在众多IAV亚型中,H7N9因其同时对畜禽养殖与公众健康造成了严重危害而备受关注。该始于2013年的新型H7N9病毒,推测其可能是H7、N9和H9N2亚型禽流感病毒的三源重配产物:H7和N9基因为欧亚进化谱系的野鸟来源,而内部片段则完全由中国家禽中广泛流行的H9N2提供,三者重组诞生了原始型H7N9,而后进一步在家禽中暴发开来,并伴随有人类感染病例的出现[14-15]。在地区分布上,H7N9病毒首次出现在长江三角洲及珠江三角洲等东南沿海地区,随着病毒的传播蔓延,近几年西部内陆及东北地区也陆续出现感染病例[10, 16]。在时间上,H7N9病毒自出现以来,每年冬季至次年春季均会在人群中形成一次流行高峰,截至目前已引起至少五波流行,其中以第五波(2016—2017年)的感染人数最多、感染区域最广。

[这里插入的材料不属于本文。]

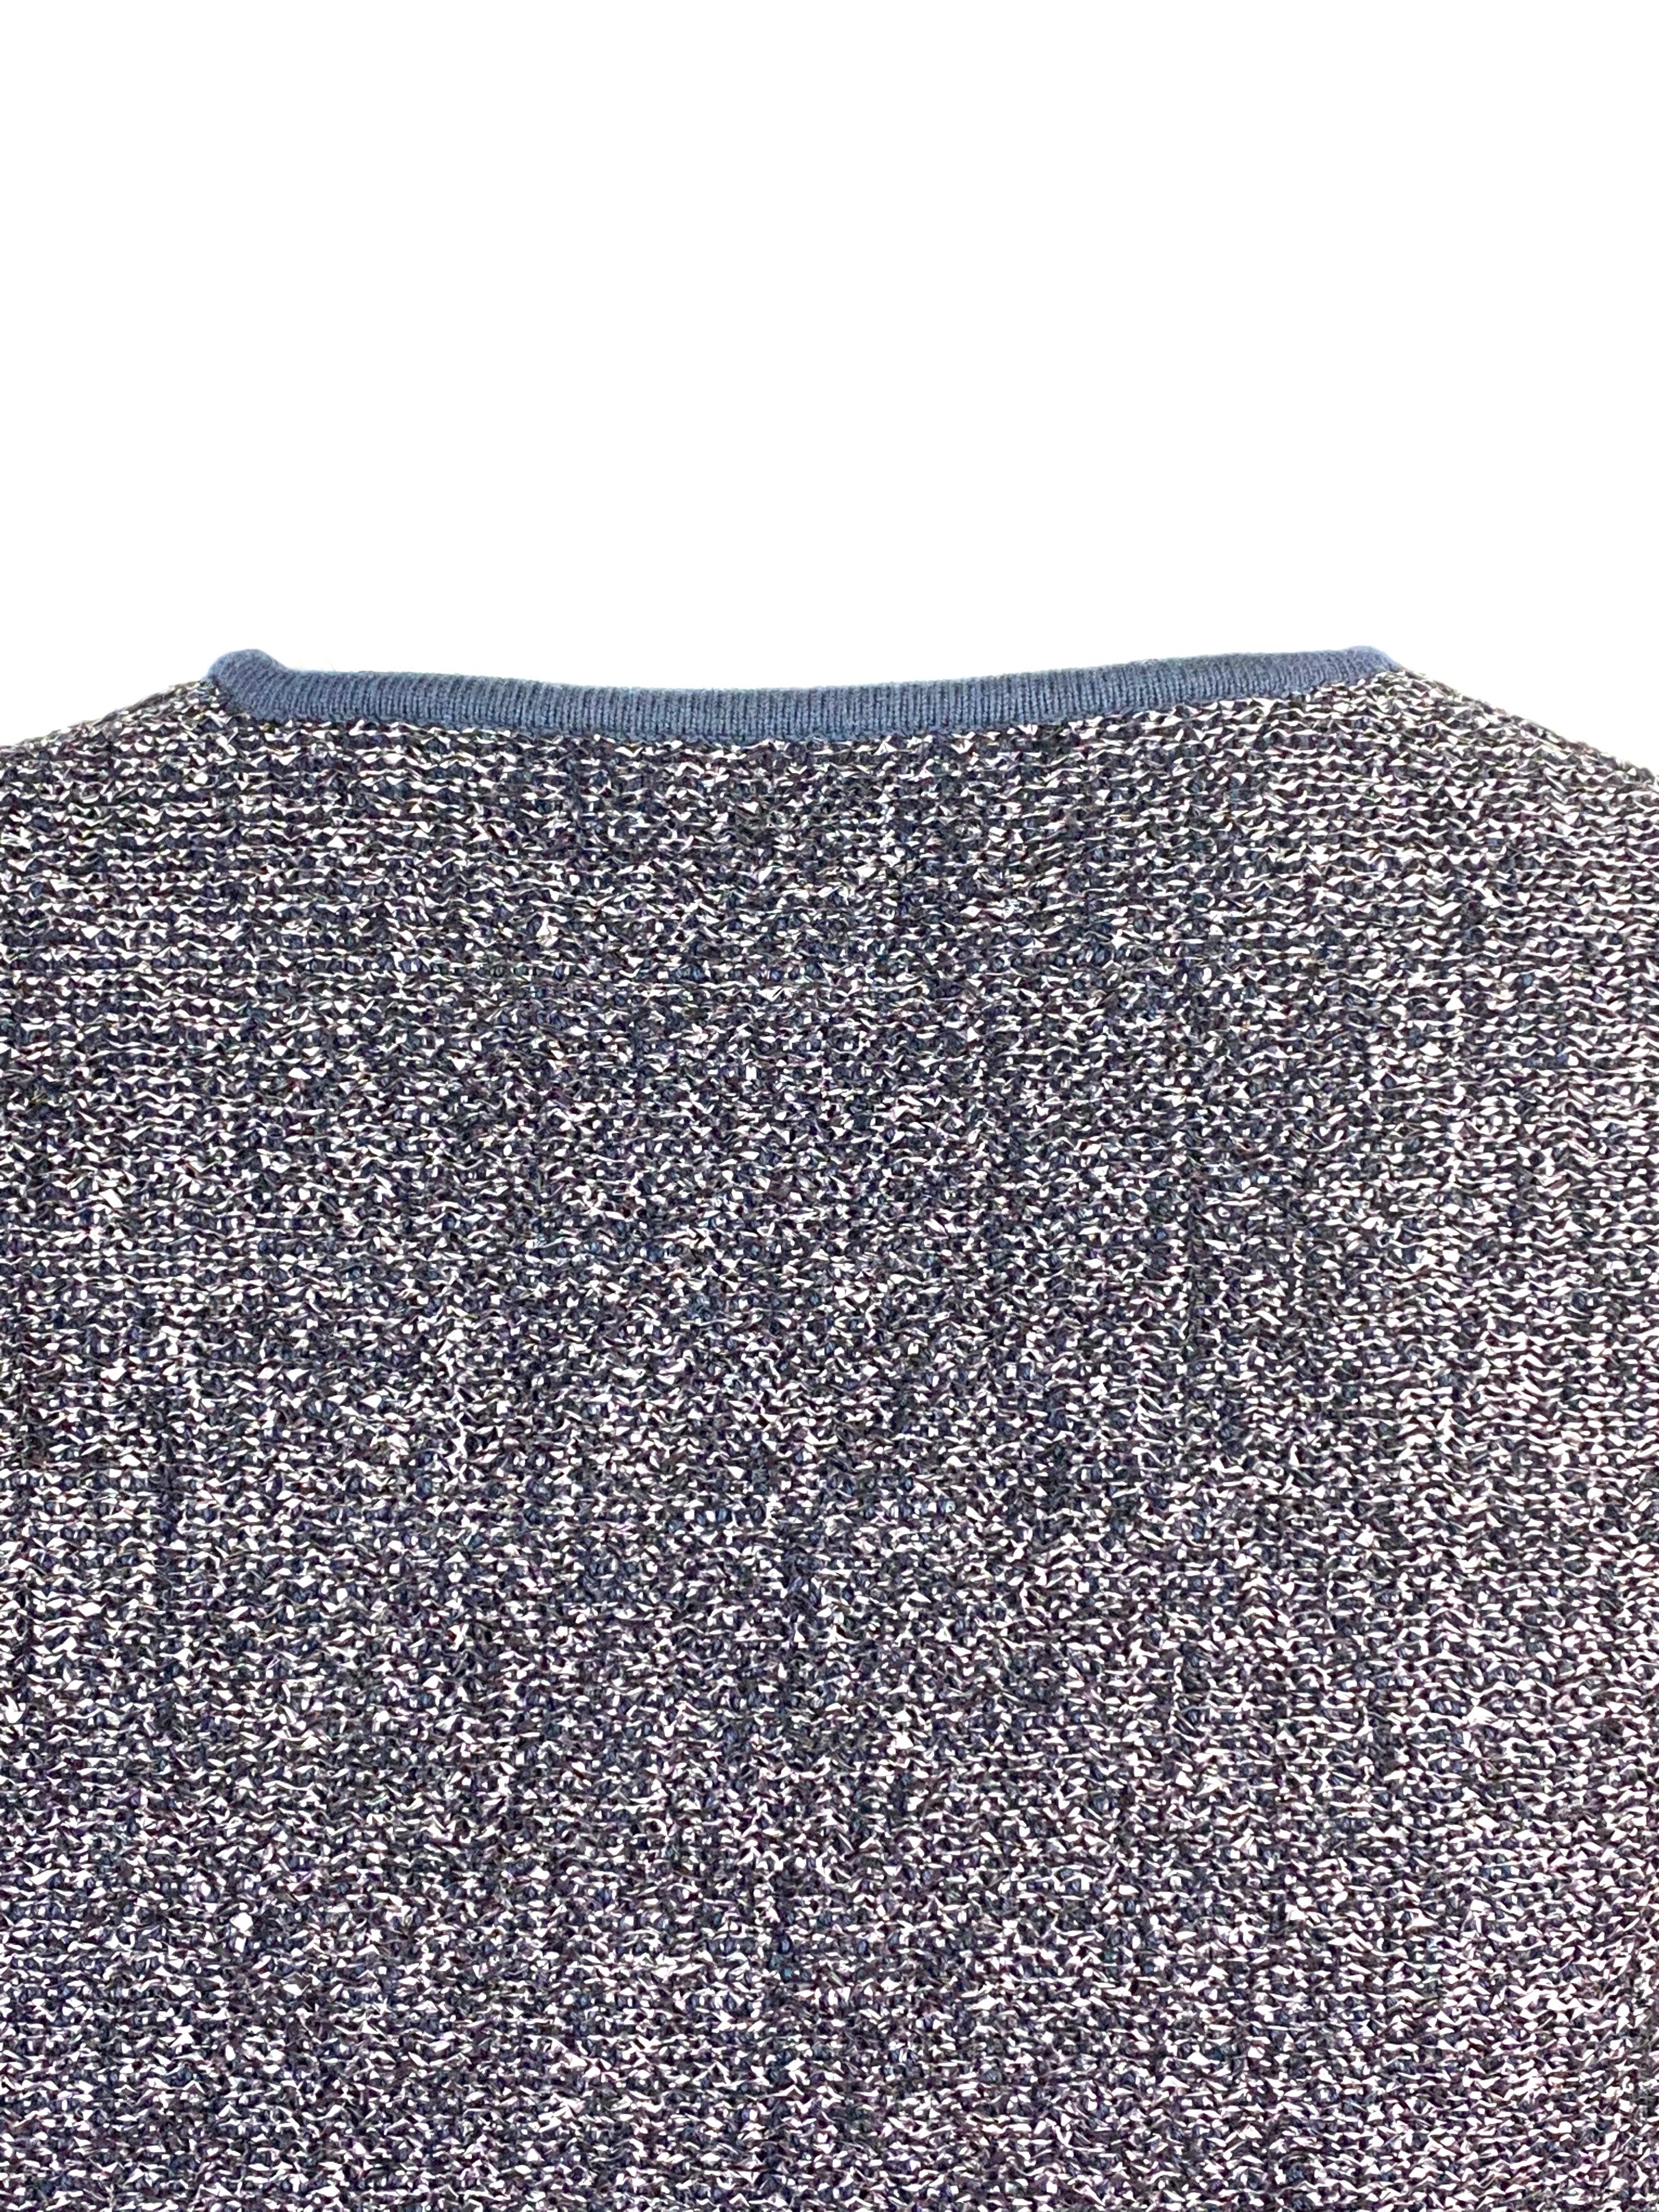 Gray Christian Dior Knit Navy Metallic Crop Top w/ Pencil Skirt Set

同时,第五波流行期间还出现了对家禽呈高致病性(highly pathogenic,HP)的H7N9病毒,其HA裂解位点处早期主要表现为“KRTA”的特异性氨基酸插入,虽保留与此前低致病性(low pathogenicity,LP)H7N9病毒相类似的双受体结合特性,但可能在哺乳动物中表现出更强的致病性、传播性以及更广泛的组织嗜性[1, 7]。并且,不断有证据表明,HP H7N9仍在持续地演化与变异。例如,H7N9感染的禽类宿主范围在不断扩大,除鸡以外,鸭、鹌鹑体内也分离到少量H7N9毒株[8, 17-18]。HP H7N9病毒还可以与其他NA亚型的禽流感病毒发生基因重配而产生H7N2、H7N3、H7N6等新型重组H7Ny病毒[19]。另外,HA蛋白上关键氨基酸位点的变异及其导致的N-糖基化(N-linked glycosylation, NLG)状态改变能够通过对蛋白的空间构象与生物活性的调节来影响H7N9病毒的生物学特性[20-21]

2 HA蛋白的结构特点 2.1 HA的一级结构

HA蛋白位于IAV囊膜表面,由3个HA1-HA2复合物单体结合而成同源三聚体。各亚型HA蛋白在结构上大体相似,但一级结构的片段长度略有不同。H7N9病毒的HA单体由561或565个氨基酸组成,从N端开始的18个疏水性氨基酸组成信号肽,紧接着321或325个氨基酸残基组成HA1,随后由222个氨基酸构成HA2[22](图 1A)。对于HA2,其N端融合肽(fusion peptide, FP)区域为疏水性氨基酸,可与病毒囊膜的脂质双层紧密相连;紧接着仍由一系列疏水性氨基酸构成跨膜区;而C末端的氨基酸多数为亲水性,可透过脂质双分子层进入病毒粒子内部而构成胞内尾区。序列分析发现,LP和HP H7N9病毒HA基因长度的差异由裂解位点处(cleavage site,CS)氨基酸基序的差异所导致,前者为PKG----R ↓ G,而后者至少存在7种模式:PKRKRTAR ↓ G、PKGKRTKR ↓ G、PKGKRTAR ↓ G、PKGKRIAR ↓ G、PKRRRTAR ↓ G、PKRKRAAR ↓ G、PKRKRIAR ↓ G,其中占比较高的为PKG/RKRTAR↓G[2, 23-24]。此外,相较于LP H7N9,HP H7N9病毒的HA上还有诸如HA1中L235Q(H3编号为L226Q)、G338R等明显氨基酸替换[25]。其中,235位是重要的抗原表位并能够影响LP与HP H7N9病毒的交叉反应性,且在其他多个HA亚型中均被证实与流感病毒的跨种传播能力密切相关[21, 26-27]。而G338R突变增加了裂解位点处连续碱性氨基酸的数目,可以潜在地提高弗林蛋白酶的切割效率,从而对病毒的感染性及致病力造成影响[23, 28]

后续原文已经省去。